The first large randomized trial of immuno-modulatory therapy was the IFIGENIA study [27]. In this study immuno-modulatory therapy with prednisone/azathioprine was evaluated alone or in combination with N-acetyl cysteine (NAC). NAC is a precursor to endogenous antioxidant glutathione and it has been postulated that treatment with high doses may repair an oxidant-antioxidant imbalance that propagates the progressive fibrotic reaction in IPF. This study demonstrated that patients with IPF treated with azathioprine/prednisone/N-acetyl cysteine had a slower decline in lung function compared to patients treated with azathioprine/prednisone/placebo [27]. This study led to the design of the IPFnet PANTHER-IPF study comparing placebo to N-acetyl cysteine alone or N-acetyl cysteine combined with azathioprine/prednisone. The triple therapy treatment arm of PANTHER-IPF was terminated early in 2011 secondary to increased risk of death and respiratory related hospitalization compared to placebo [28]. Based on the results of the PANTHER-IPF study immuno-modulatory therapy with azathioprine/prednisone is no longer recommended as therapy for patients with IPF. The PANTHER-IPF study continues with the NAC versus placebo arms and is estimated to be completed in 2013 (NCT00650091).
Interferon-γ is an endogenous cytokine with antifibrotic, antiinfective, antiproliferative and immuno-modulatory effects. In vitro and rodent models have demonstrated dose-dependent inhibition of fibroblast proliferation, collagen-matrix deposition, and collagen synthesis as well as alterations in Th1/Th2 balance in response to IFN-γ [29]. Early human studies demonstrated improved lung function in IPF patients treated with combined prednisolone and IFN-γ-1B [30]. Despite these promising results, a subsequent randomized-controlled trial found no benefit on duration of progression-free survival, pulmonary function or quality of life [31]. A follow-up mortality trial was stopped early due to lack of difference between INF- γ and placebo [32].

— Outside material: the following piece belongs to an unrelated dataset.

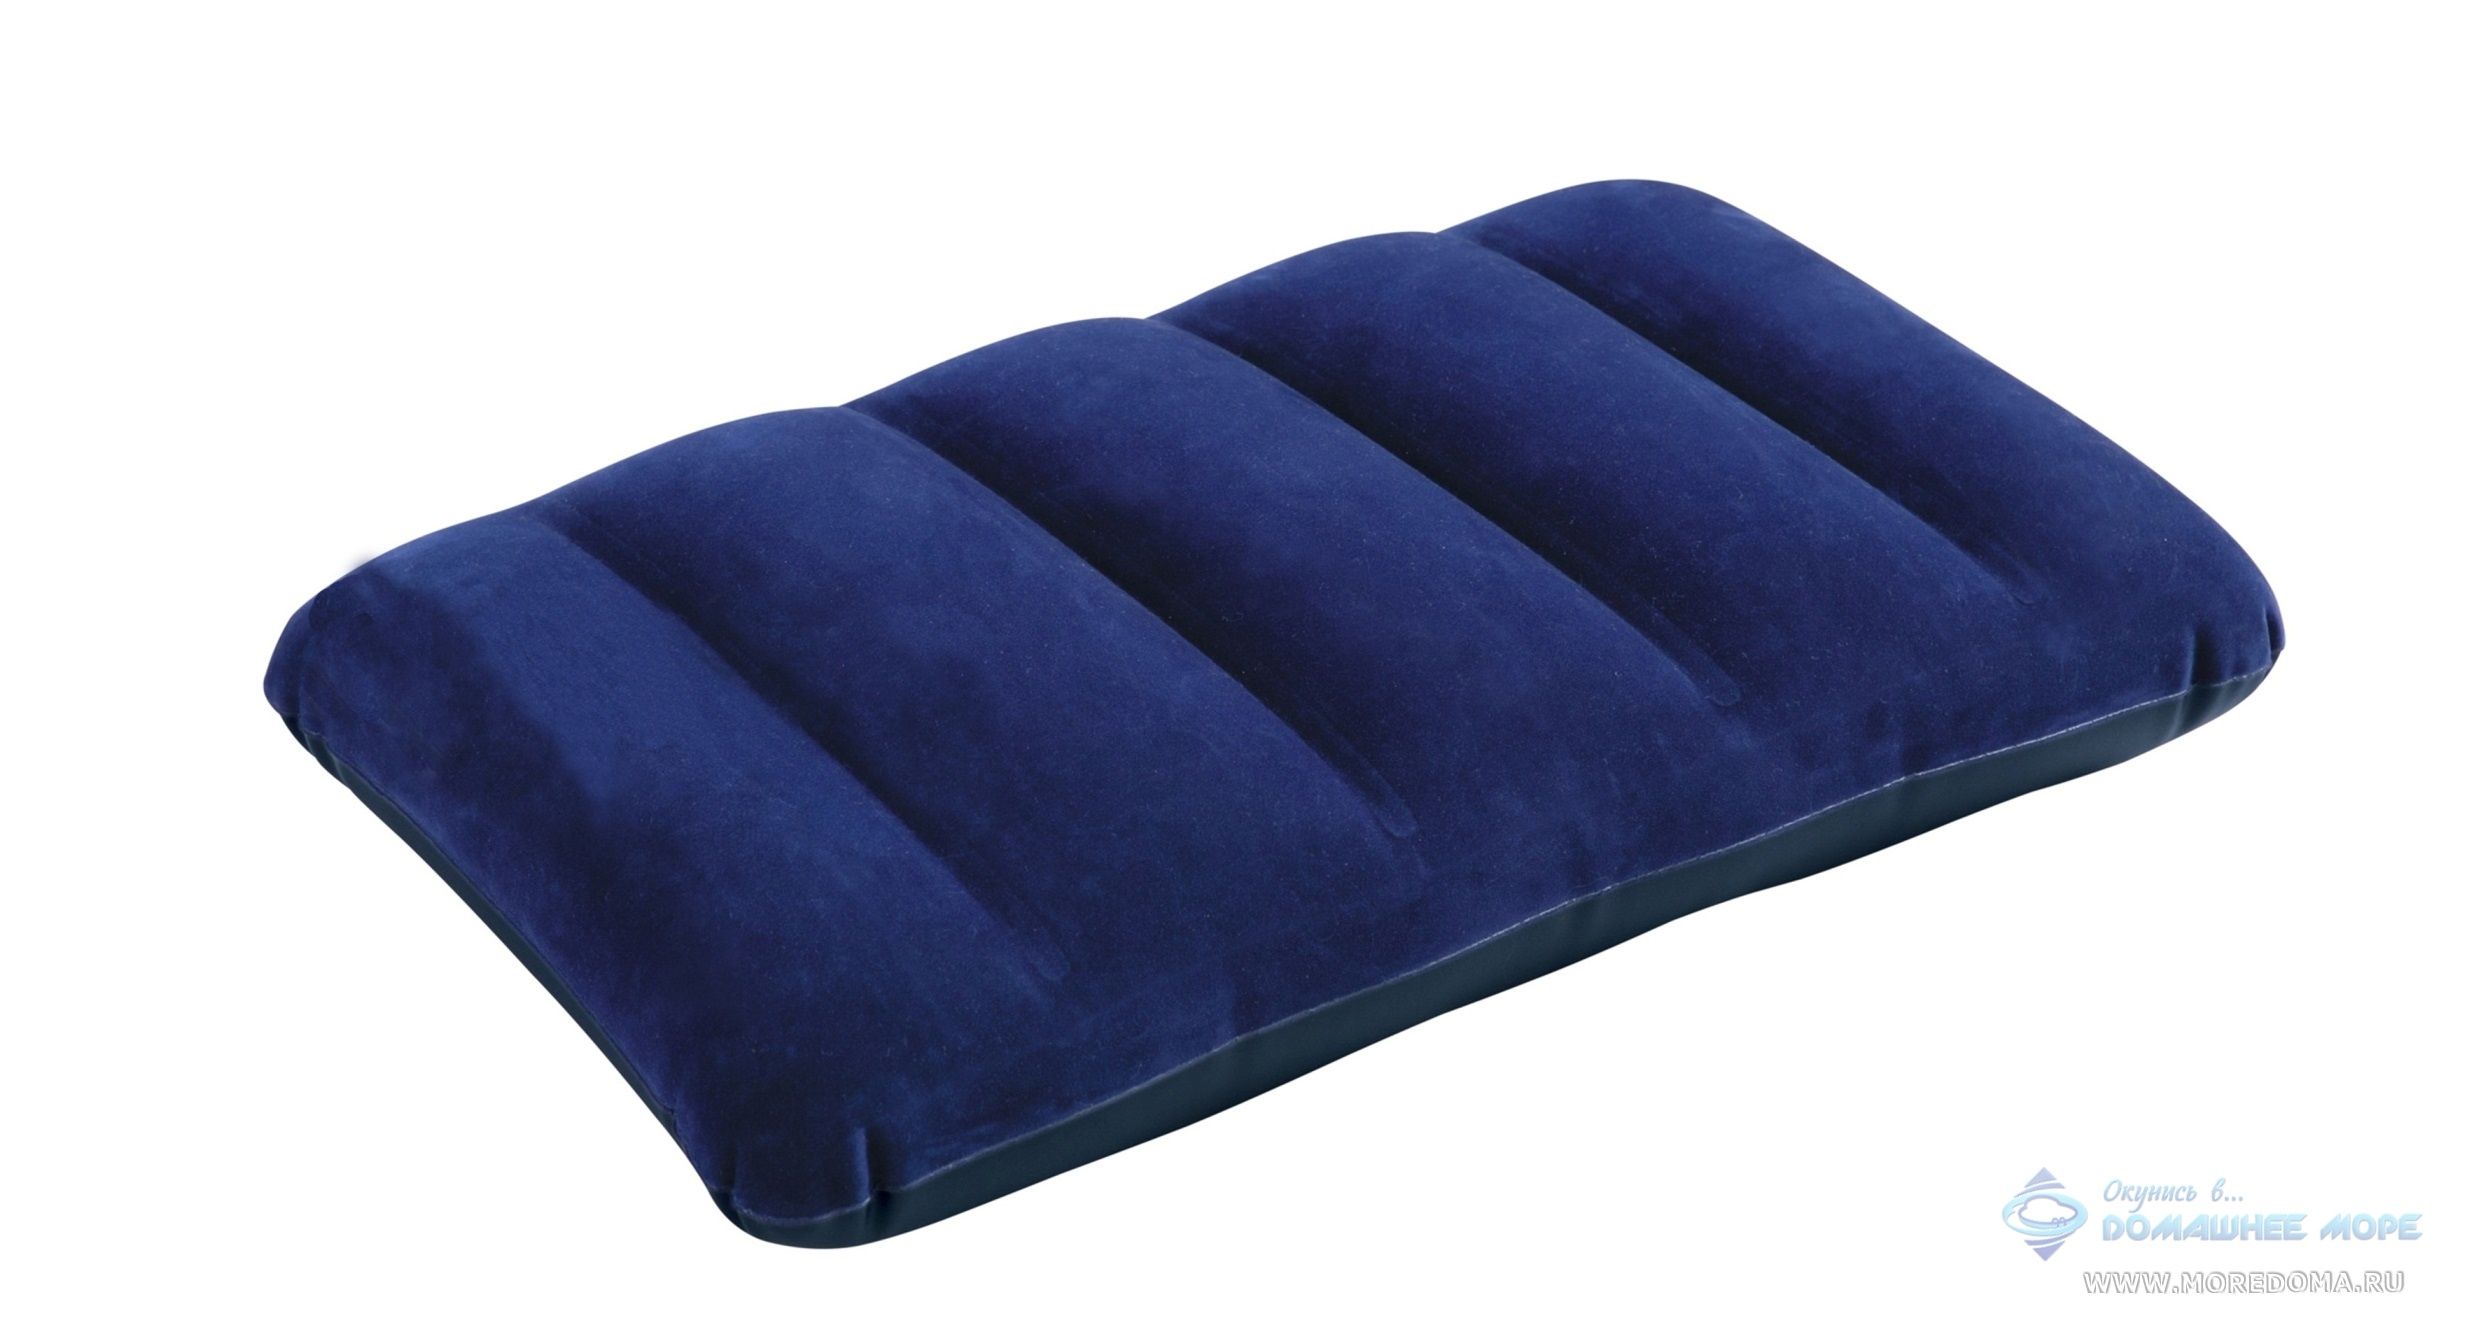 Подушка INTEX надувная 43 х 28 х 9 см, цвет синий ; артикул 68672

Endothelin-1 (ET-1) is a potent vasoconstrictor which has been demonstrated to promote smooth muscle proliferation and fibrosis in pulmonary hypertension. ET-1 has also been shown to have a pro-fibrotic effect in the lungs by promoting collagen production and inhibiting interstitial collagenase production [33]. Endothelin receptor antagonists are used in treatment of pulmonary hypertension and have been shown to reduce collagen production in rat models of bleomycin-induced pulmonary fibrosis [33]. Despite these results, two clinical trials evaluating for therapeutic benefit with bosentan compared to placebo have failed to show improvement in 6-minute walk distance [34] or time to IPF worsening or death [35]. A follow-up trial, ARTEMIS-IPF, failed to show therapeutic benefit on time to worsening of IPF or lung function with ambrisentan compared to placebo. In fact, ambrisentan treated patients had increased respiratory related hospitalizations (G Raghu, et al., abstract in Am J Respir Crit Care Med 2012, 185:A3632).
Etanercept gained interest as a potential therapy for IPF based on its TNF binding properties. TNF-α is an inflammatory and profibrotic cytokine which is expressed at increased levels in animal models of pulmonary fibrosis and humans with IPF [36]. The Etanercept treated group did not demonstrate any improvement in the primary outcomes of change in FVC, DLCO or arterial oxygenation [37].
In recent years, the therapeutic use of tyrosine kinase inhibitors has been explored given their inhibitory effect on platelet-derived growth factor receptors (PDGFR) which are known to have a proliferative effect. Initial in vitro studies demonstrated that imatinib has an inhibitory effect on PDGFR and TGF-β signaling with a resultant decrease in fibroblast-myofibroblast transformation, proliferation and extracellular matrix production [38]. Despite initial promise in vitro, a phase II, randomized-controlled clinical trial failed to show any benefit on survival or lung function in IPF patients compared to placebo [39].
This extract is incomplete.